The Plague by Albert Camus
The book is divided into five sections, each of which tells of a distinct period in the plague’s takeover of Oran, the port city in northern Algeria where the story is set. Part 1 describes Oran as it was before the plague and just after the disease has taken hold. Bernard Rieux, the town doctor, notices a dead rat in the hallway of his apartment building one ordinary morning, and thereafter, nothing in his or anyone’s life in Oran is normal. Thousands of the town’s rats die, then cats and dogs, and finally the disease starts to infect people. Jean Tarrou, a visitor trapped in Oran, keeps a journal about the plague’s effect on the people of Oran, and it includes stories about characters like Joseph Grand, an insignificant city worker, and Cottard, a man who is mysteriously happy about the outbreak of the plague. By the end of this section, the people of Oran are forced to realize their dull and habitual ways may be gone for good. The town gates are shut, and Oran is now a prison cell, where no one can go out or come in.

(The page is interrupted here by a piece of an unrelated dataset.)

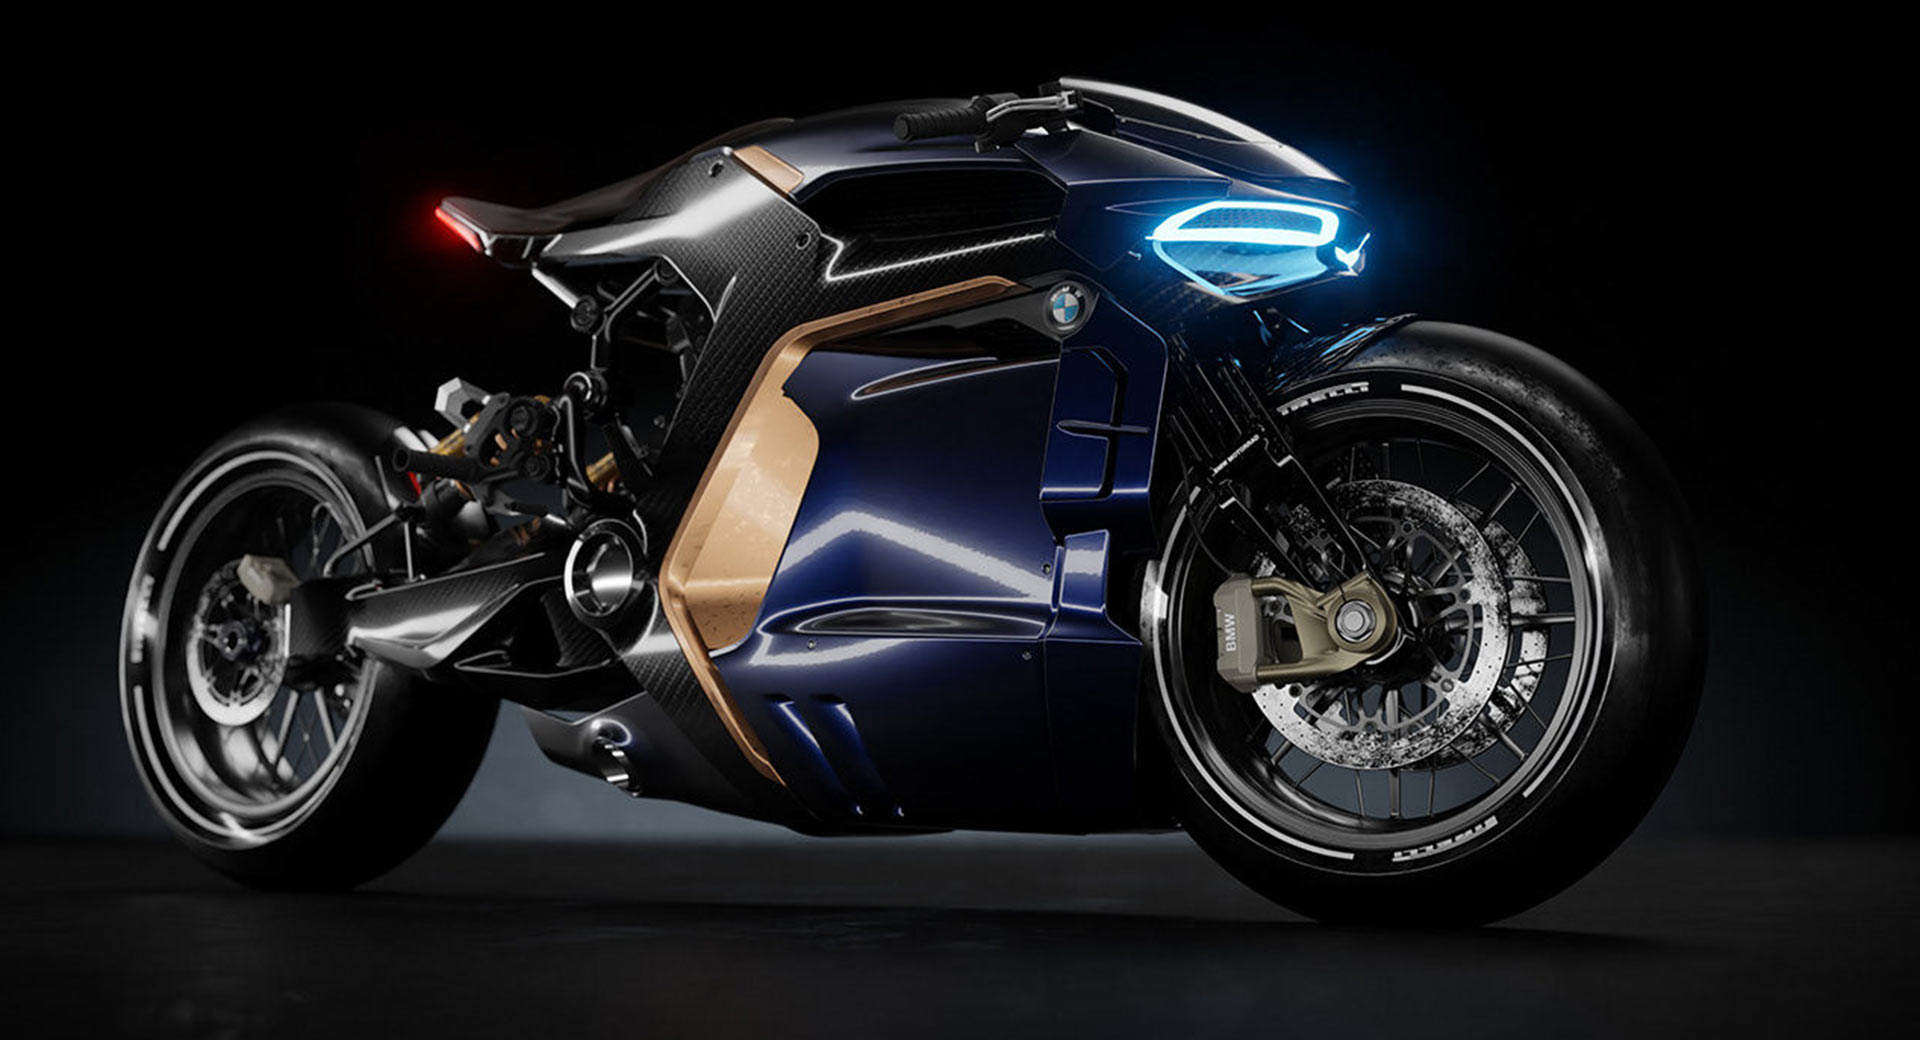 BMW Motorcycle Concept Might Look Uncomfortable To Ride But It Sure ...

Part 2 of the book tells what happens when the plague becomes “the concern of all of us.” (67). In this section, the townspeople struggle to fight their individual battles against the plague and the suffering and separation it forces them to endure. Characters like Raymond Rambert, who begins negotiating with smugglers, try to imagine ways to escape the city and meet up again with their loved ones. Father Paneloux, the town priest, preaches a fiery sermon that claims that God has sent the disease upon the people of Oran as a punishment for their sins. Tarrou starts voluntary sanitary squads in town, and many people, including Grand and Rambert, volunteer to help.

By the beginning of Part 3, “the plague had swallowed up everything and everyone. No longer were there individual destinies; only a collective destiny, made of plague and the emotions shared by all.” (167). In this short third section, the narrator tells us of the worst period of the disease, the brutally hot summer months when the plague kills so many people that there’s no space left to bury them. The town crematorium is burning bodies at top-capacity and everyone in the city suffers terrible feelings of pain and exile.

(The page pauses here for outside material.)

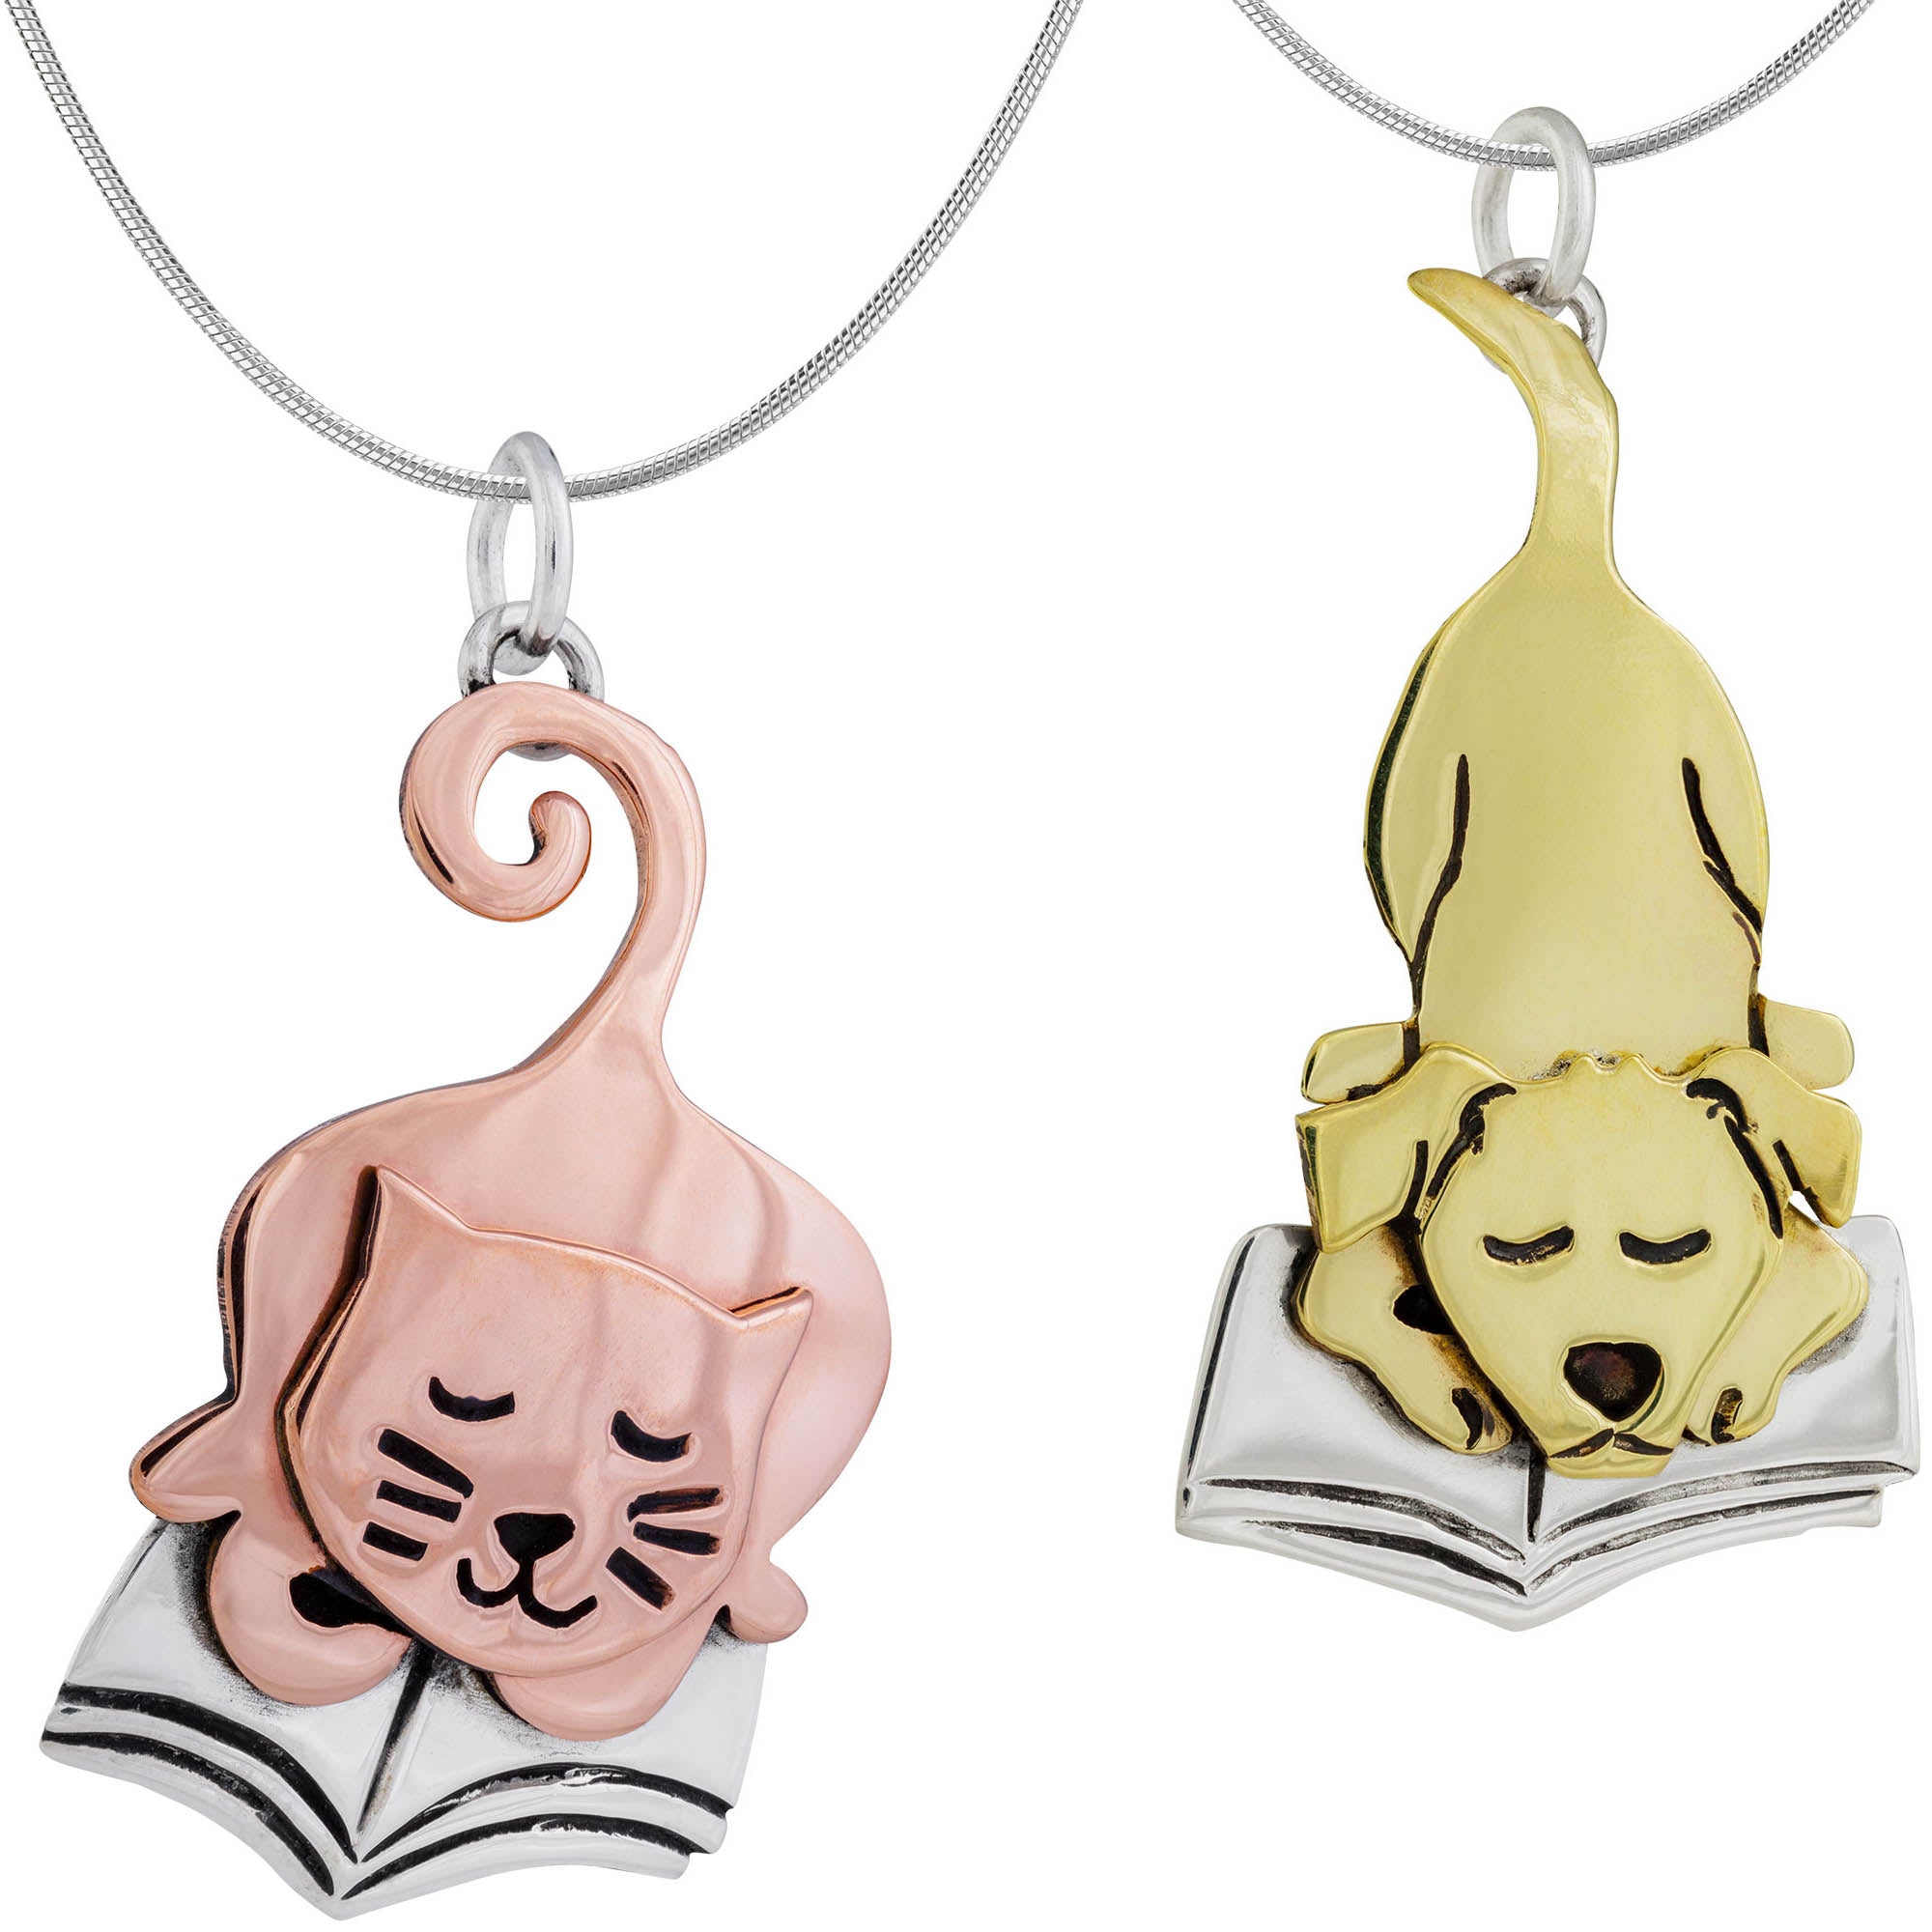 Pet Lover Book Club Sterling Necklace - Dog - With Sterling Cable Chain

In Part 4 there is more attention paid to the emotions of some of the main characters. Cottard is still strangely cheerful about the plague. Rambert’s getaway plans seem ready to go through, but the journalist has a last-minute change of heart and decides to stay in Oran to help fight the disease. Many of the story’s main characters, including Dr. Rieux, Joseph Grand, Jean Tarrou, and Father Paneloux, are affected profoundly when they witness the death of a young child. After this experience, Paneloux gives a second sermon, and it shows far more sympathy for the suffering people of Oran. One evening, Tarrou explains his life philosophy, which centers on a passionate opposition to the death penalty, to Dr. Rieux. Grand falls ill and seems certain to die of the plague, but makes a sudden and miraculous recovery. The same “resurrection” happens to a woman in town, and by the end of this section, the rats, alive now, have begun to resurface in the city.

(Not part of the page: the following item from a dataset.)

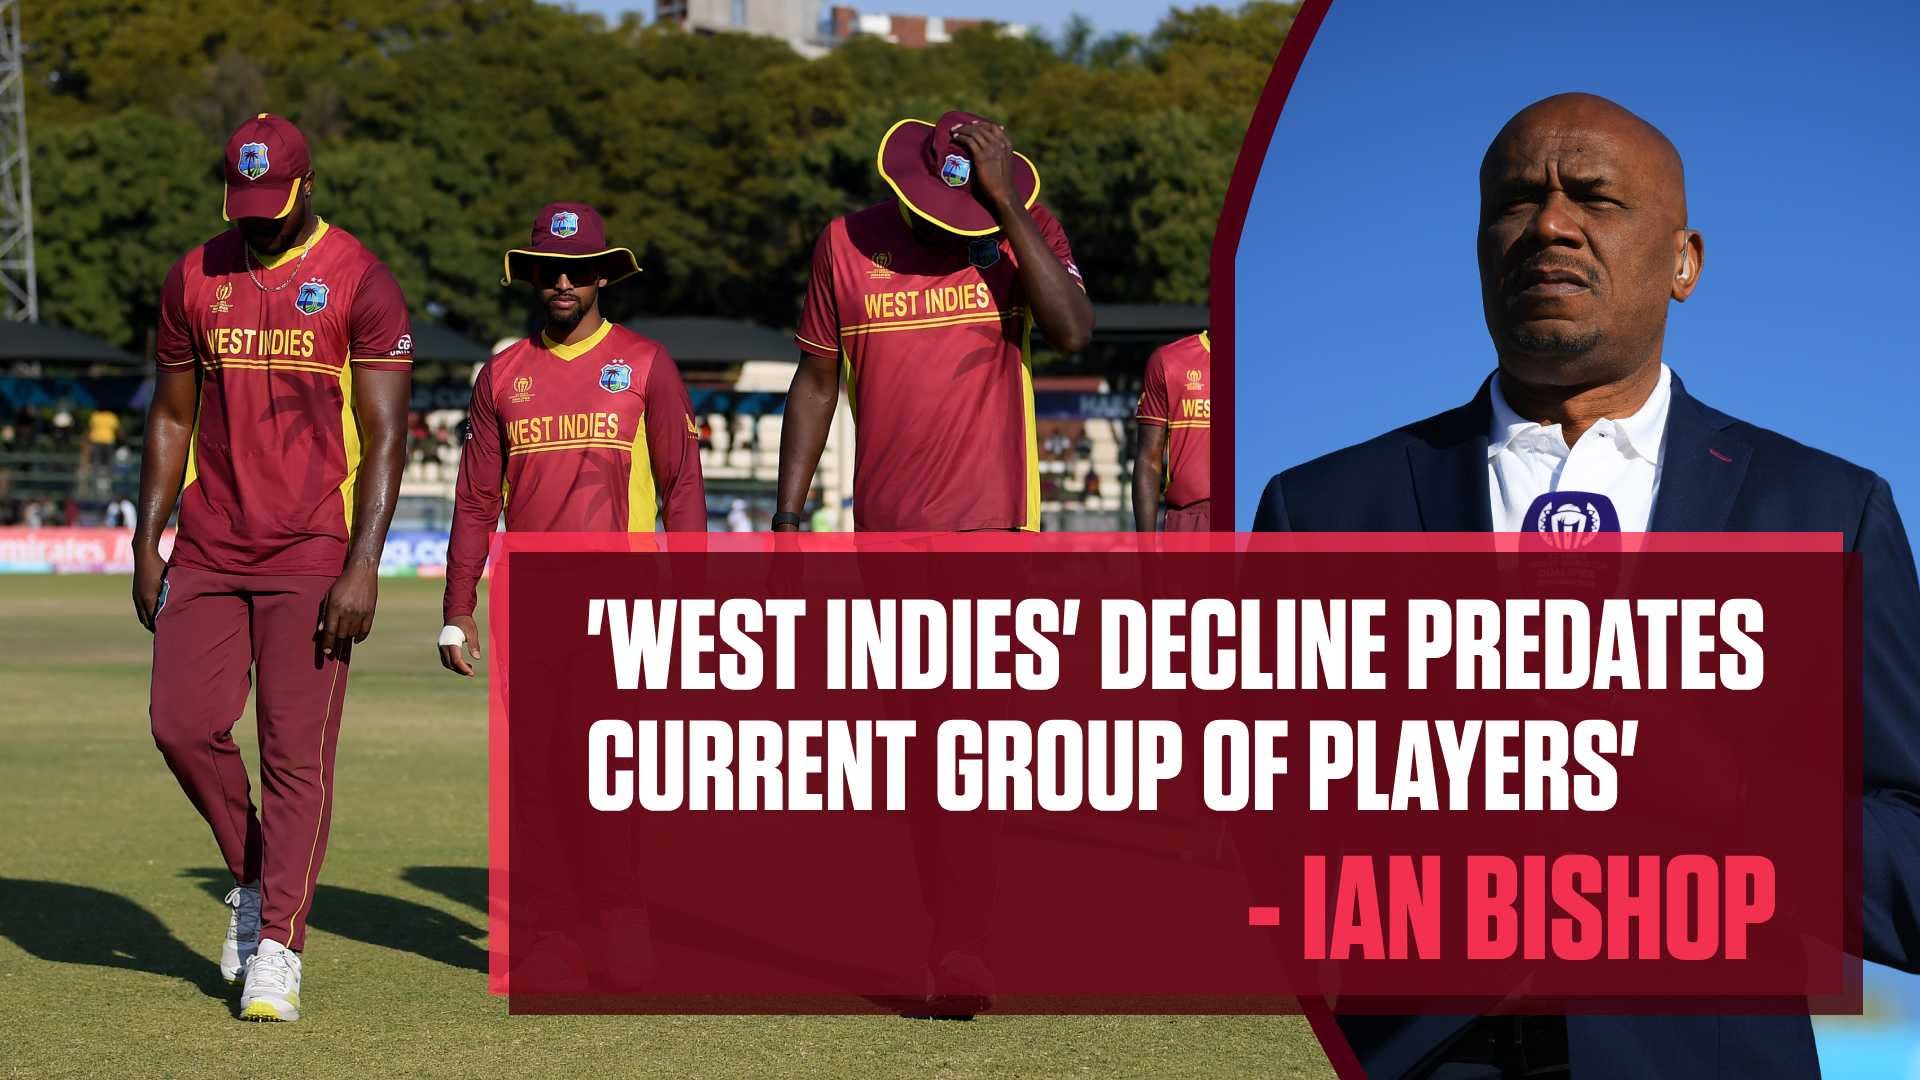 Ian Bishop on WI not making ODI World Cup - Decline pre-dates this

In the final section, the plague leaves just as suddenly as it came. After a public announcement that the epidemic seems to be over, a big celebration is held in the streets. Then the gates are opened, and families and lovers–including Rambert and his wife–are reunited. Cottard, despairing that the plague has gone and left him alone with his suffering again, has a crazy shooting fit, which ends with him being dragged away by the police. At this point, Dr. Rieux reveals that he is the story’s narrator. Though he has suffered greatly, and now finds out that his own wife is dead, he says he hoped to retell the book without it being his story. He wanted to “take the victims’ side,” sharing with them the feelings of love, exile, and suffering that all felt during the time of the plague. The book ends with the haunting observation that although the plague bacillus can go into hiding for years and years, it never dies or disappears for good.